- INPUT DATA -
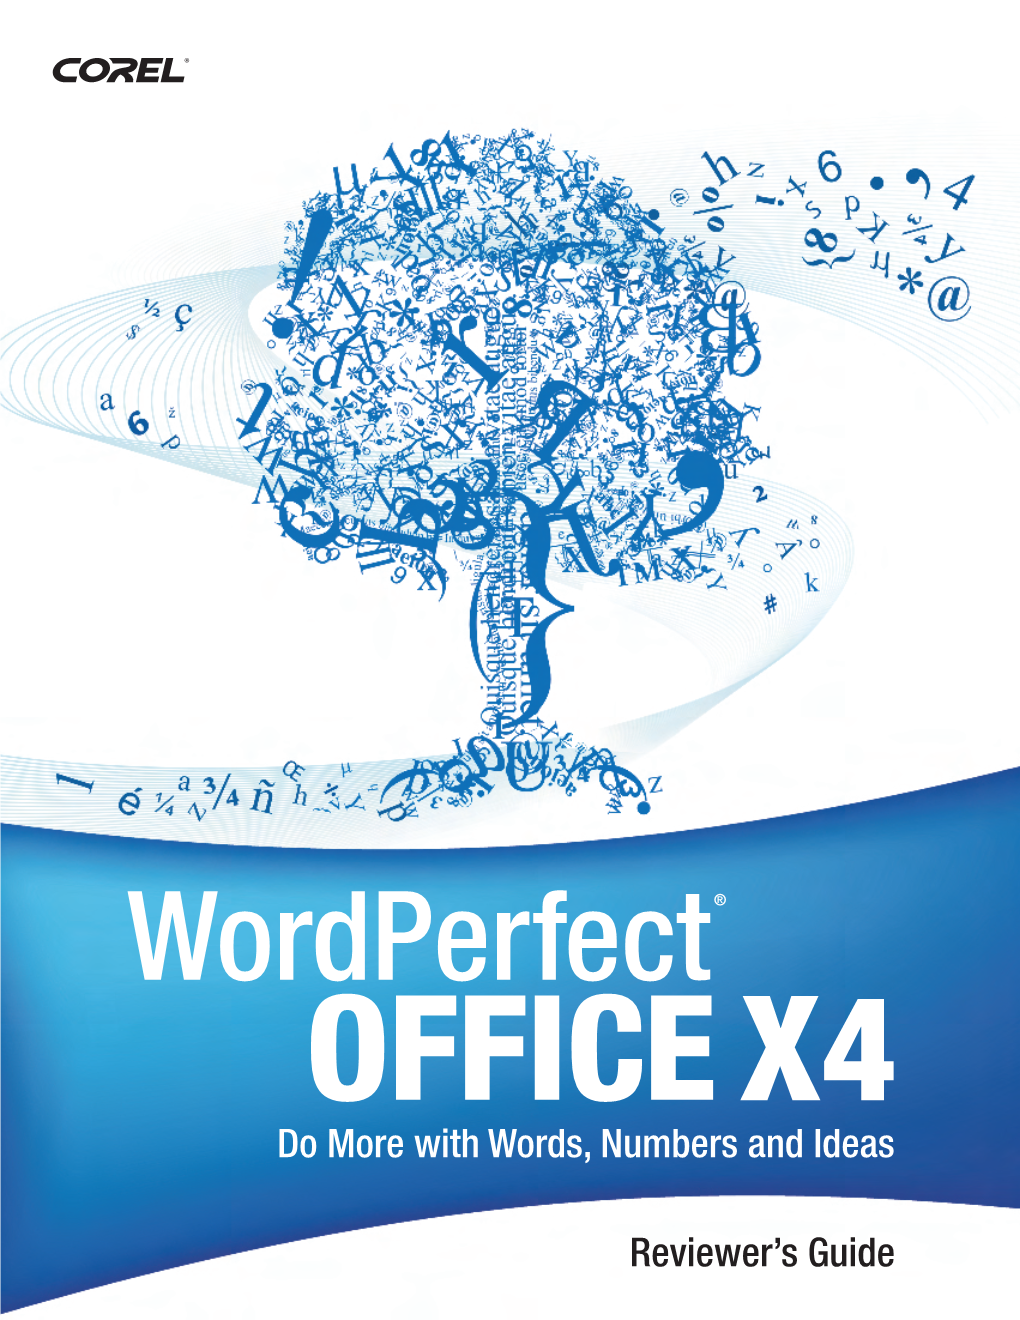 Corel Wordperfect Office X4 Reviewer's Guide
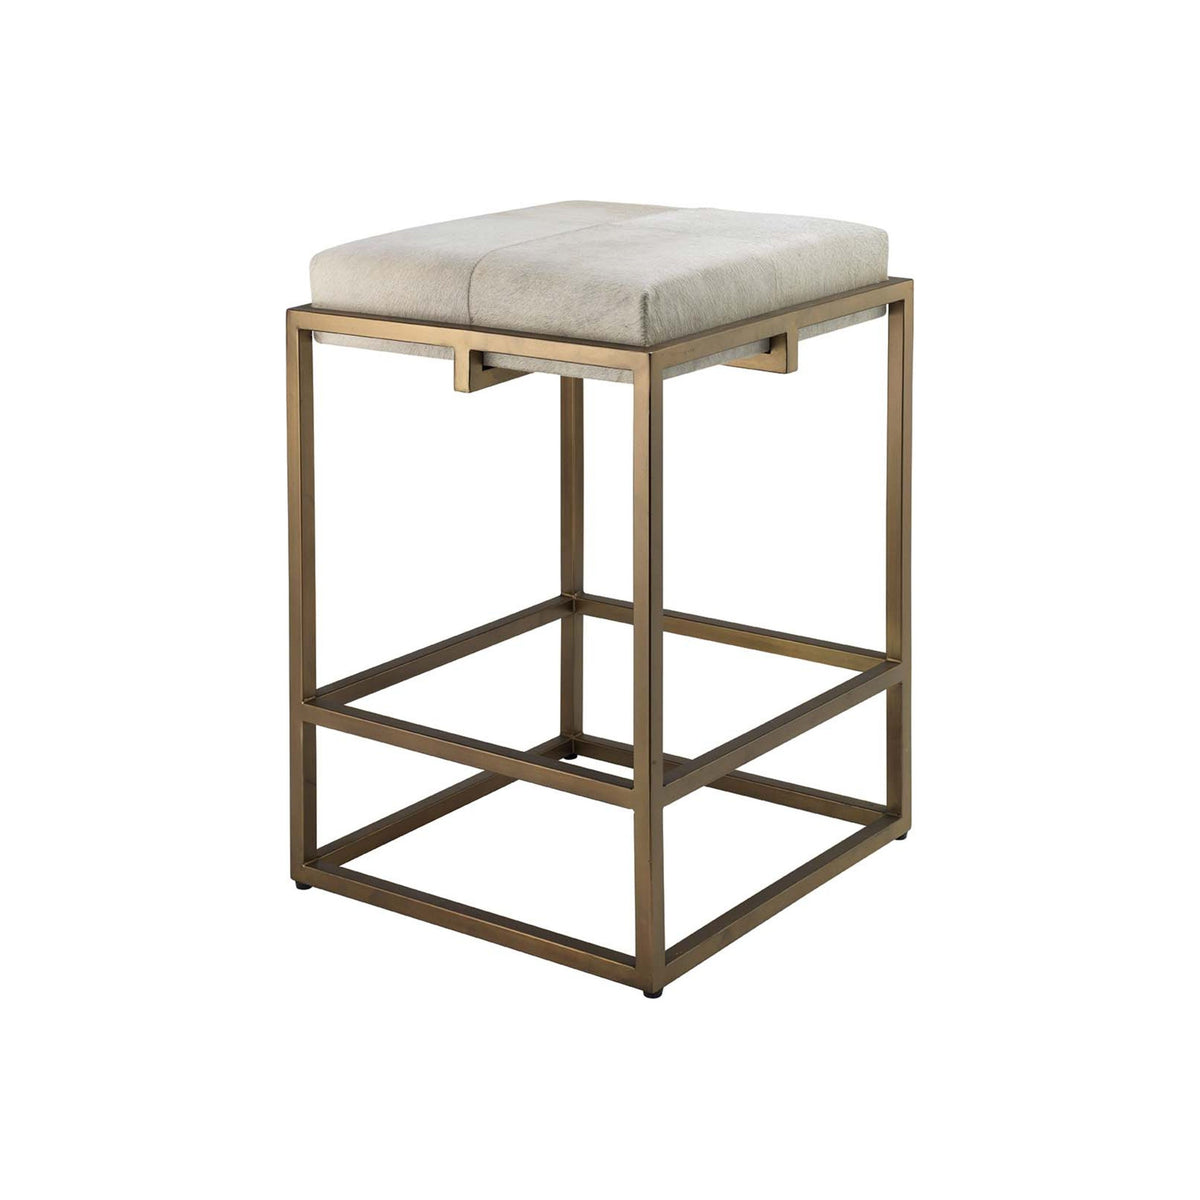 Jamie Young Company - 20SHEL-CSWH - Shelby Counter Stool - Shelby - White
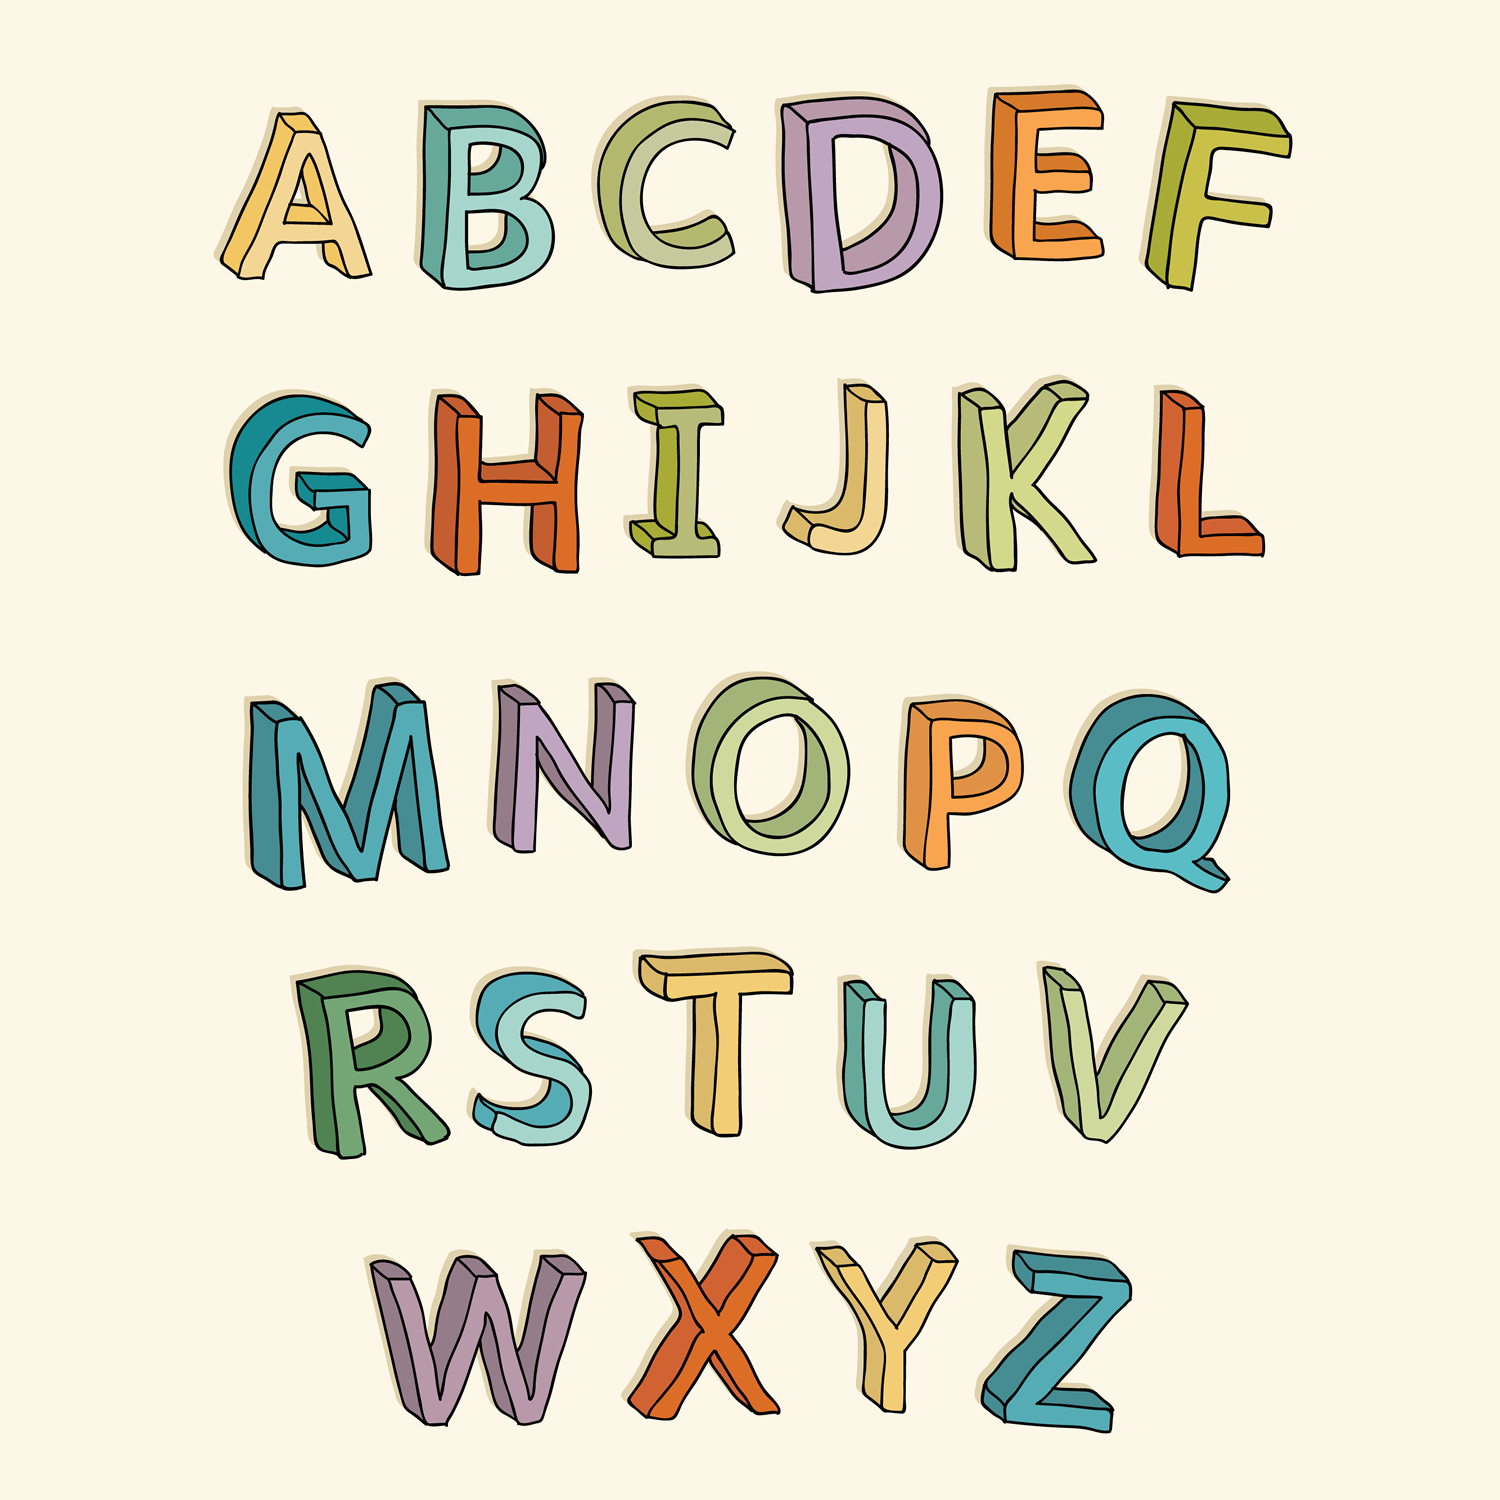 Preschool letter learning activities created by experts.

- WHAT YOU WILL DO -
Reproduce the listing exactly, but keep its images out of the copy.

- ANSWER TO THIS TASK -
 Corel Wordperfect Office X4 Reviewer's Guide
 Jamie Young Company - 20SHEL-CSWH - Shelby Counter Stool - Shelby - White
 Preschool letter learning activities created by experts.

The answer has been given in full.